Jerry’s resurrection

Former Soho standby Jerry’s, once a brunch-time must for the hip Downtown set, will live again when an offshoot of the original restaurant opens next month in Tribeca.

Jerry Joseph’s former Prince St. restaurant closed last summer after two decades in the neighborhood, with the owner subsequently opening a fast-food Asian cuisine eatery on Chambers St. this spring. But the new venture only lasted a few months, and recently a red banner similar to the one that hung outside 101 Prince St. went up at the space between Church St. and Broadway.

With interest piqued among Jerry’s longtime devotees, Joseph delivered the much-anticipated confirmation to our inbox: “My partners and I will open a Jerry’s Cafe in the early part of September,” he said, anticipating an opening date the week of Sept. 8. “I am still interviewing for a chef, and the construction is near completion.”

Joseph added that 80 percent of the space will be made up booths and banquettes.

“We will strive to re-create the casual atmosphere that our guests were accustomed to and create a menu that is current yet reminiscent of the old Jerry’s,” he said.

Downtown slowdown

Commercial leasing activity Down-town proved sluggish in July in most of the area’s submarkets, suggesting a summer slowdown that lagged almost a third behind its monthly average.

After a robust June that saw 380,000 square feet of signings, activity tapered off to just 220,000 square feet in July with almost all neighborhoods showing drops, according to a monthly report from CB Richard Ellis.

The Midtown South study area — made up of the Park Ave. South/Madison Square, Chelsea, Flatiron, Union Square, Noho/Soho and Hudson Square/Tribeca submarkets — only showed growth in the Noho/Soho segment, due to Weitz and Luxenberg PC’s taking of 84,200 square feet of space at 700 Broadway.

Otherwise, the area’s total activity was down 31 percent from the five-year monthly average of 320,000 square feet. The Union Square submarket’s 10,000 square feet of singings clocked in at approximately half its average, while Hudson Square/Tribeca’s more than 50,000 square feet of activity fell only slightly below its average.

The area’s availability rate dropped slightly, by 0.2 percent, to end the month at 9.7 percent, with availability a full percentage point higher at the same time last year.

Over all, year-to-date activity sat at 1.76 million square feet, trailing the prior year’s 2.33 million square feet by 24 percent.

Bloggers’ banquet

As is just about every office workingman’s and -woman’s custom, Mixed Use loves trolling the blogs for the best bits of New York news that either slip through the cracks or are skipped over by the mainstream press.
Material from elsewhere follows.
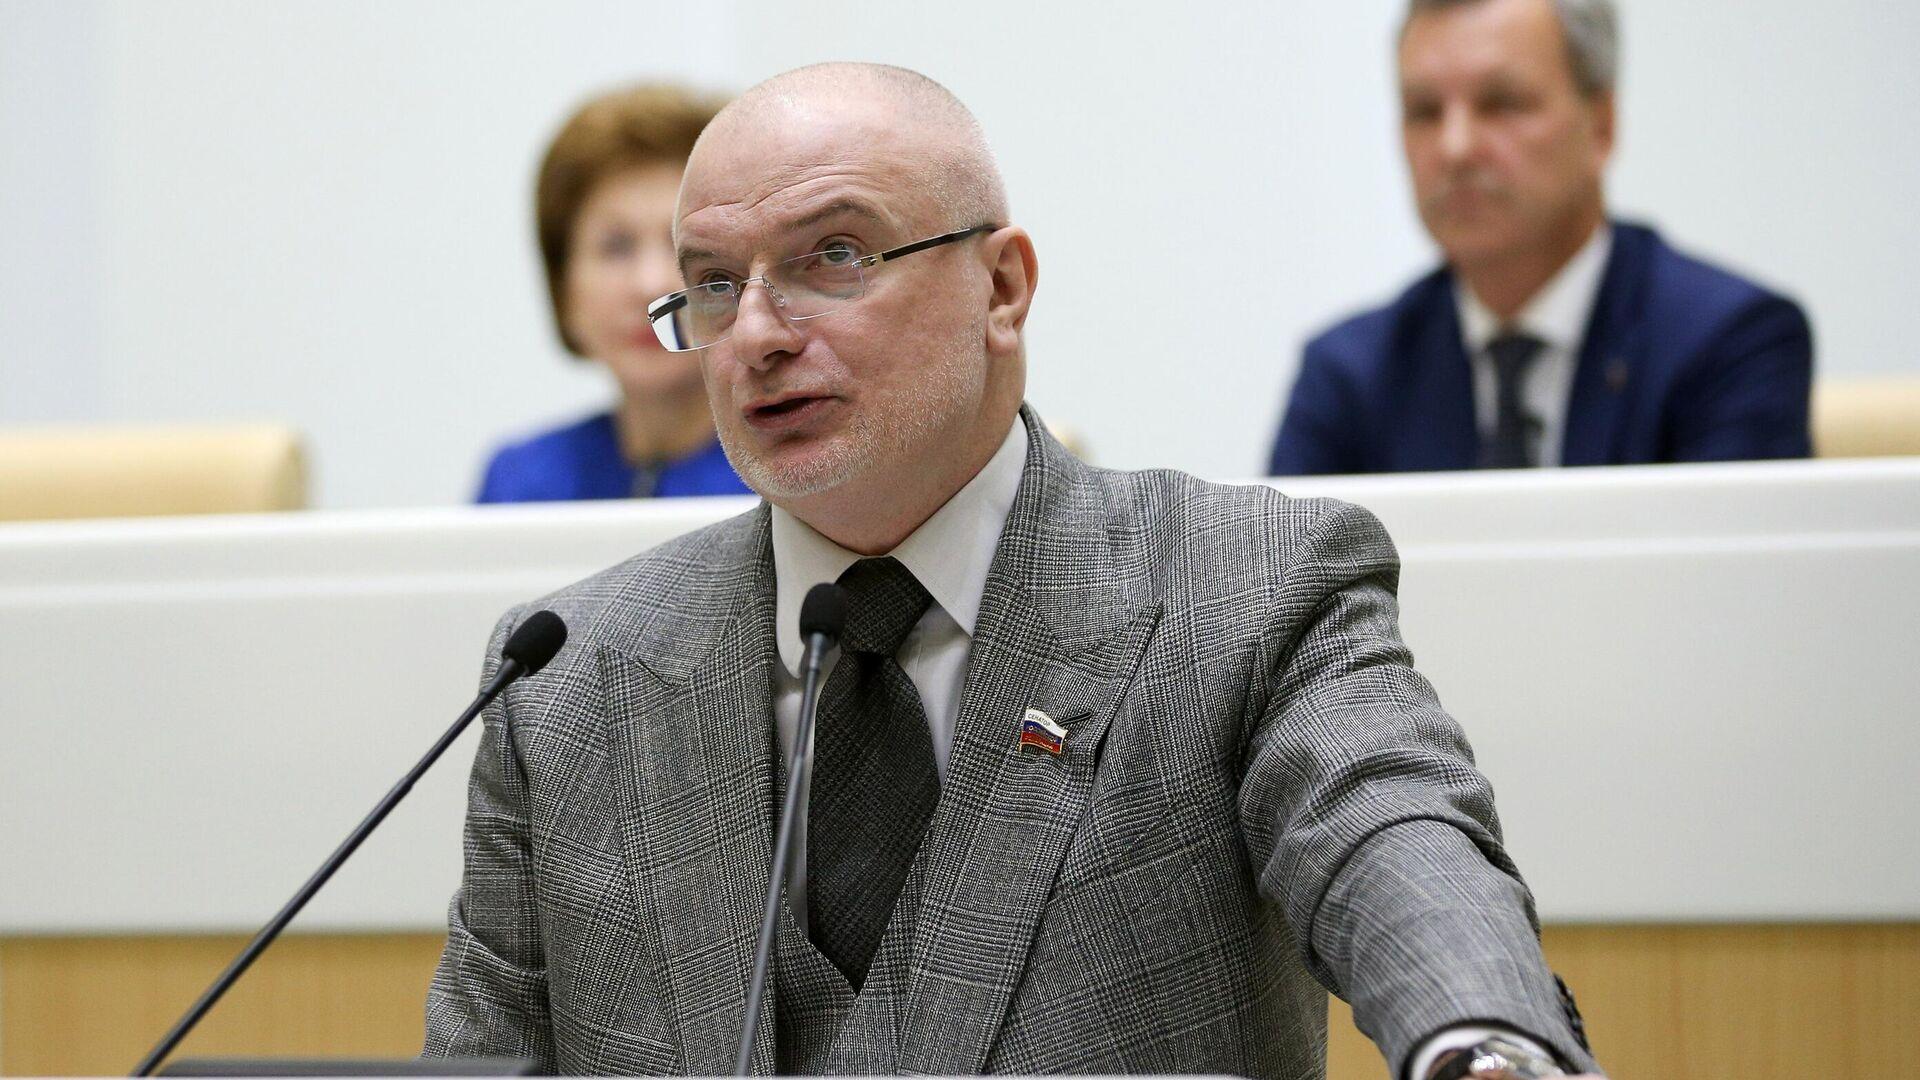 Председатель комитета Совета Федерации по конституционному законодательству и государственному строительству Андрей Клишас  - РИА Новости, 1920, 11.05.2021

Two of our newest online favorites — EV Grieve and Bowery Boogie — regularly offer insightful takes on the city’s changing Downtown landscape from the view of neighborhood watchdog.

The mournfully named EV Grieve, originally incarnated late last year as a tribute to the then-thought-to-be shuttering dive bar Sophie’s, has grown into a go-to source for daily tidbits from the East Village. Featuring everything from original photos of street exotica and classic concert videos to reports culled from other media, the site offers a balanced and relatively opinion-free — for a blog, anyway — analysis of an area overwhelmed by real estate interests.

For instance, Grieve recently revisited the now-closed Fontana’s Shoe Repair on E. 10th St., noting a of lack activity at the former longtime cobbler’s space.

“I didn’t spot any workers or construction permits when I walked by,” the post reads. “And there will be no sarcastic asides about bank branches, yogurt shops or Duane Reades.”

The more nascent Bowery Boogie similarly chronicles the evolving face of Downtown with original posts and roundups of major news, but with a specific focus on the Lower East Side and Bowery. The plainspoken site covers nuts-and-bolts news, but also has fun with the L.E.S.’s street theater, as explained in an item earlier this month profiling a typical morning at Sara D. Roosevelt Park:

“Stay long enough and you will eventually encounter a haphazard collection of sleeping bench beggars, laborers eating breakfast (and peeing in the bushes) and self-absorbed pedestrian commuters. Stay even longer, and you will witness a trio of sword-wielding Chinese men in the sunken court on Broome Street, between Forsyth and Chrystie.”

For full disclosure, both sites often reference this newspaper — which only goes to prove how in the know they truly area.